=== Exercise objective ===
Could you print the listing again exactly, omitting the pictures?

=== Given information ===
══════
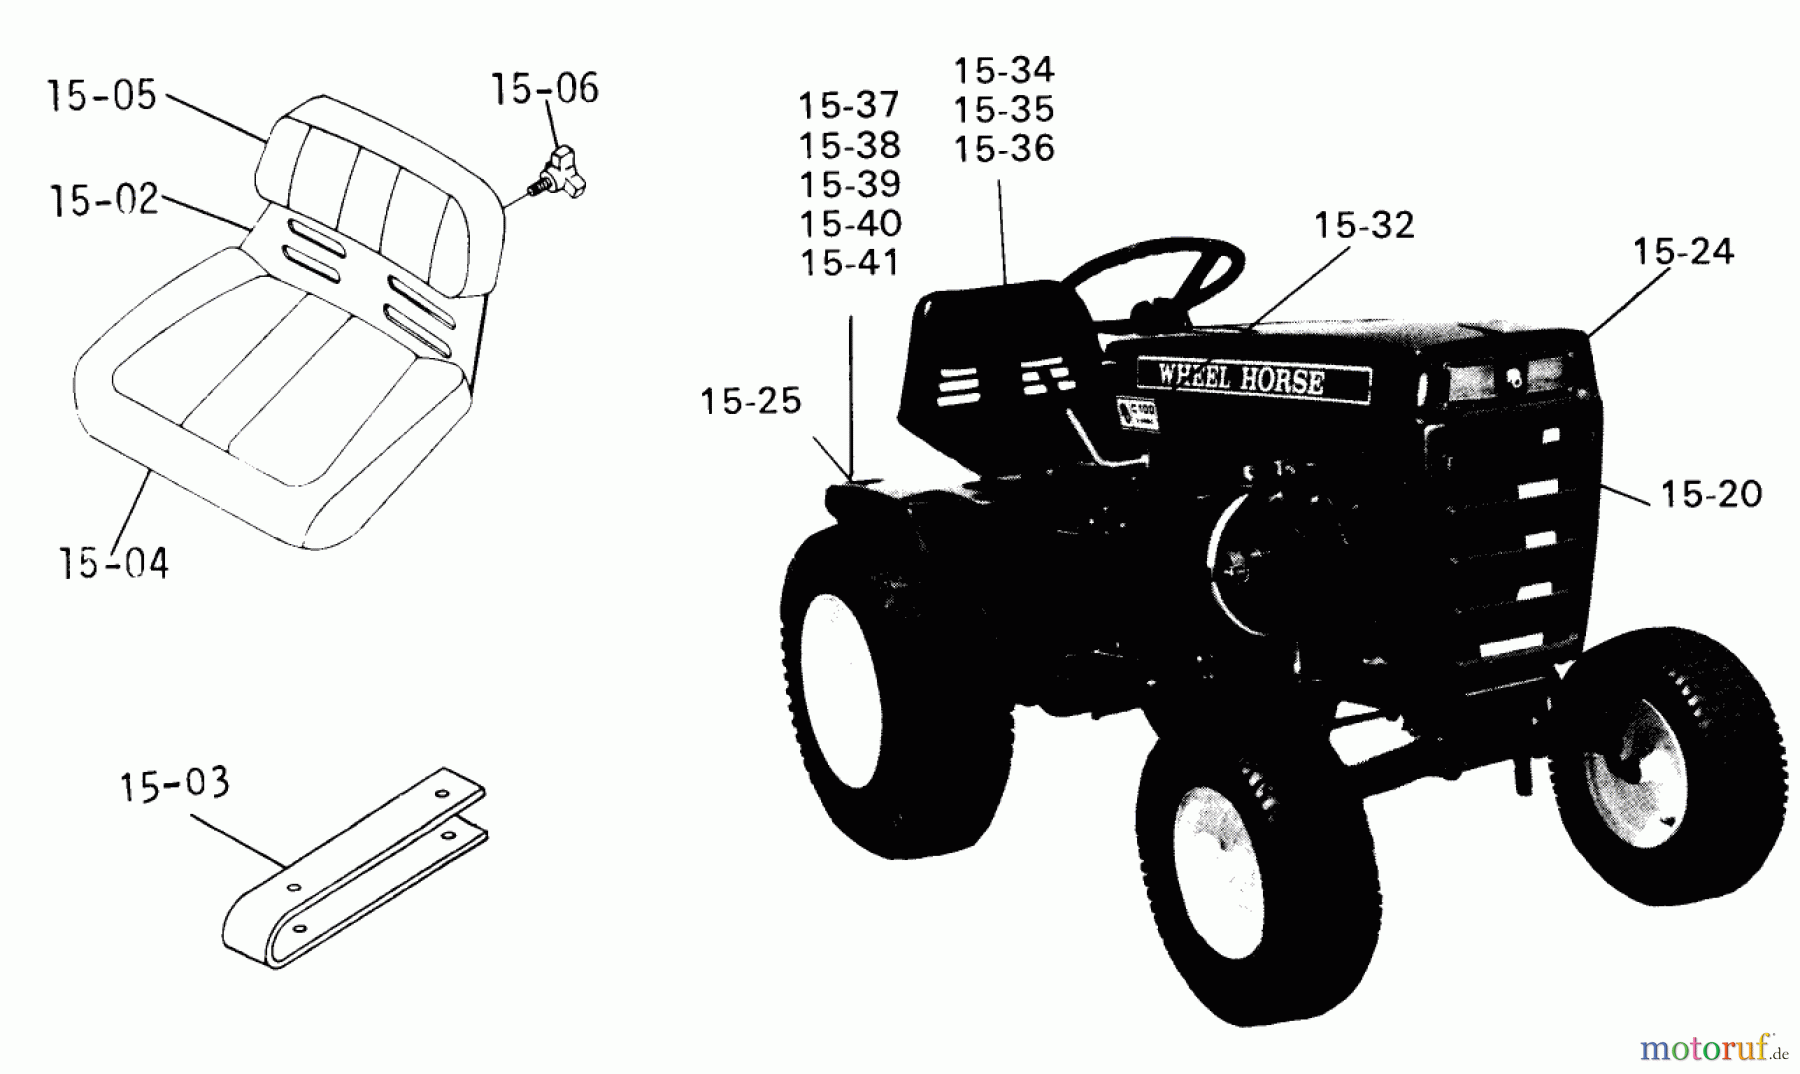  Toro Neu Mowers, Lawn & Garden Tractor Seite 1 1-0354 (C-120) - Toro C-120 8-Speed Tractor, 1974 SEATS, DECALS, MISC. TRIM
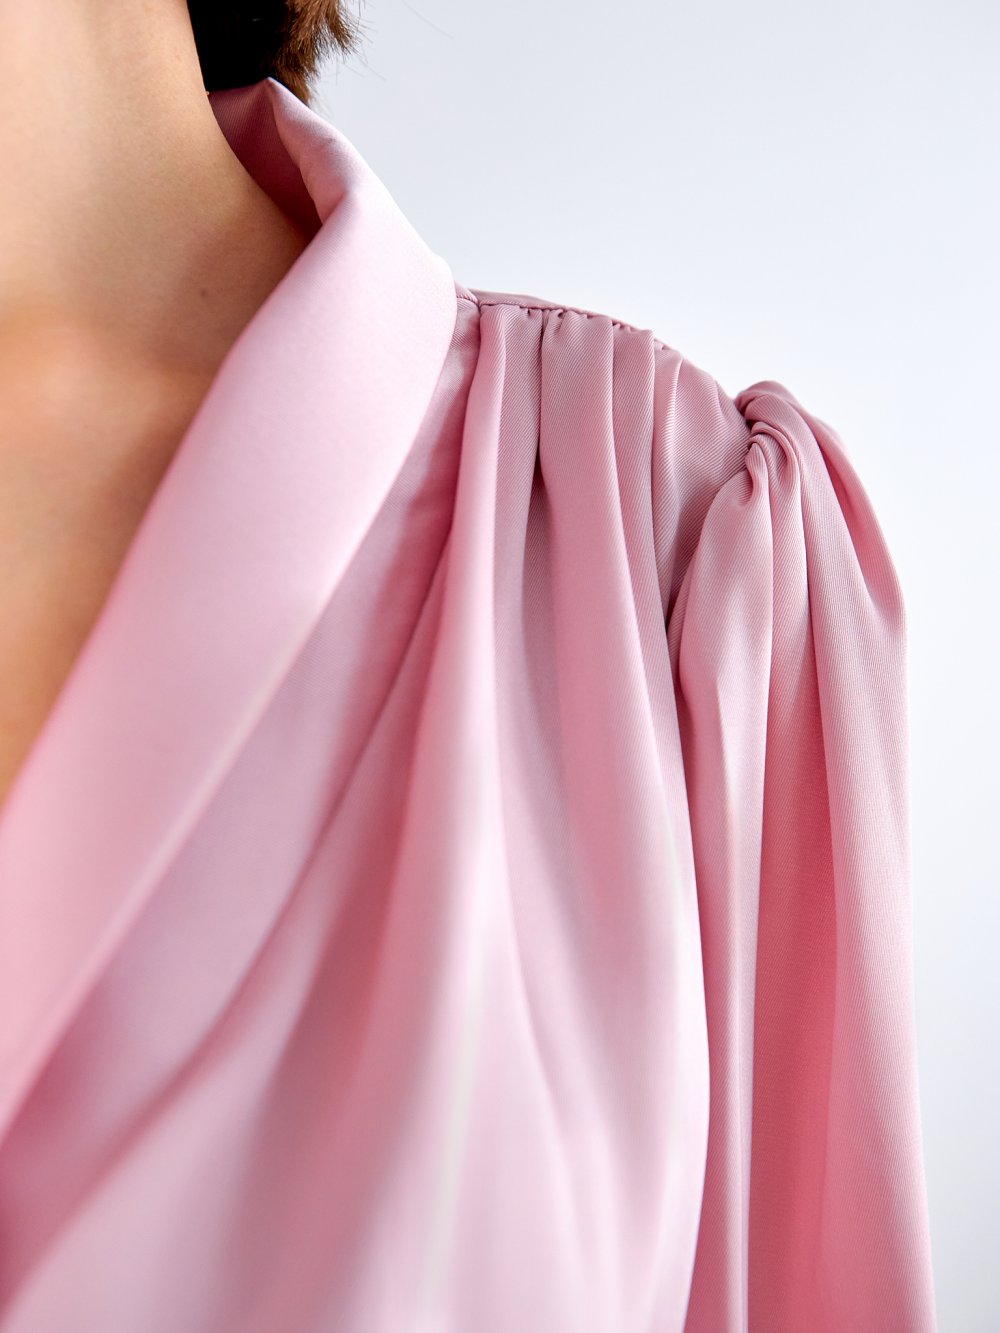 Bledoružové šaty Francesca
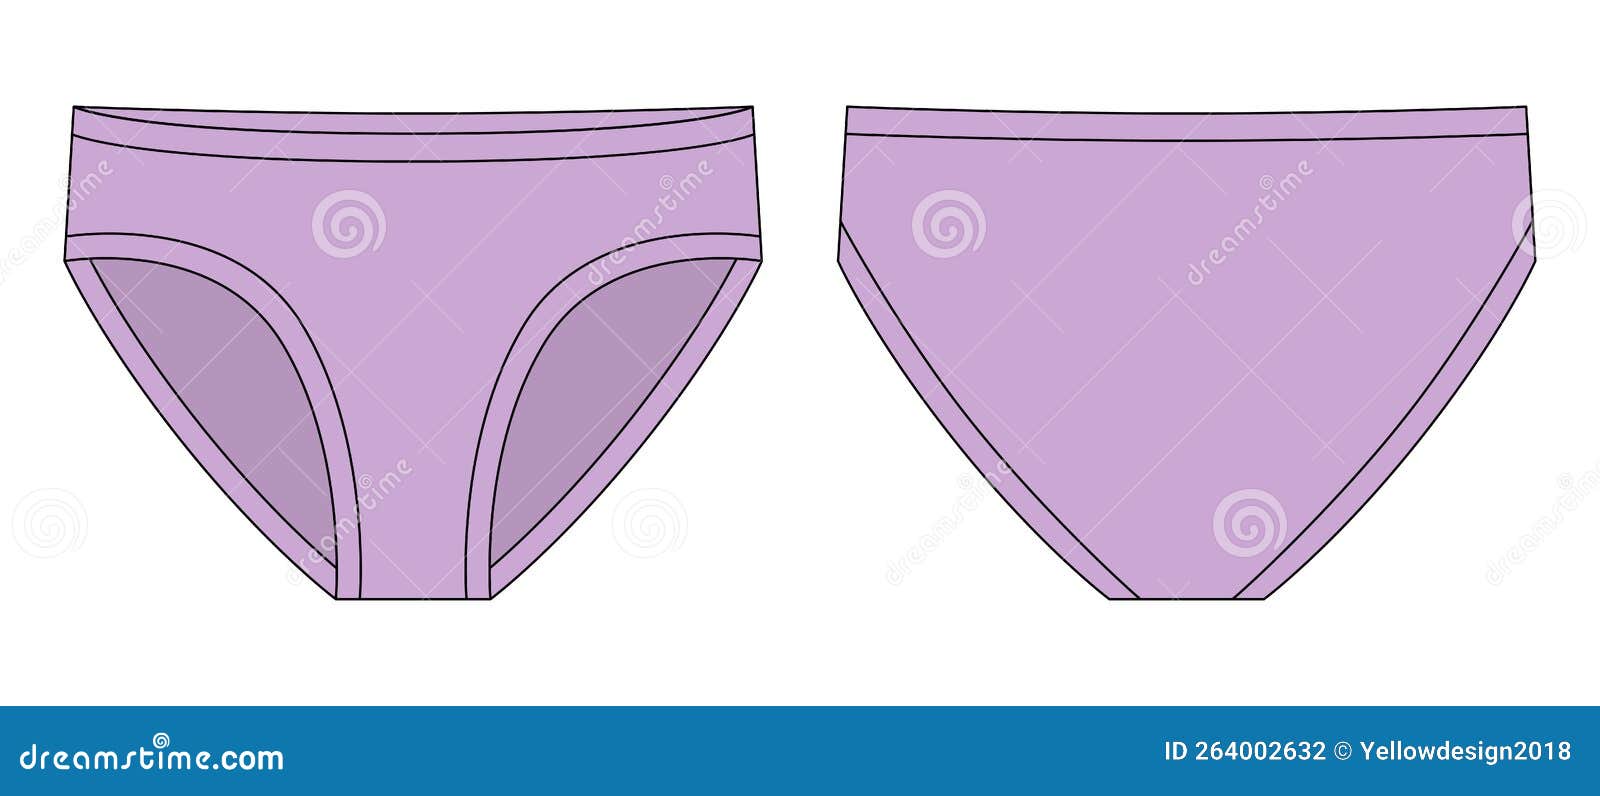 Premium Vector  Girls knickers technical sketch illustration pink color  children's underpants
══════
=== Answer to this problem ===
  Toro Neu Mowers, Lawn & Garden Tractor Seite 1 1-0354 (C-120) - Toro C-120 8-Speed Tractor, 1974 SEATS, DECALS, MISC. TRIM
 Bledoružové šaty Francesca
 Premium Vector  Girls knickers technical sketch illustration pink color  children's underpants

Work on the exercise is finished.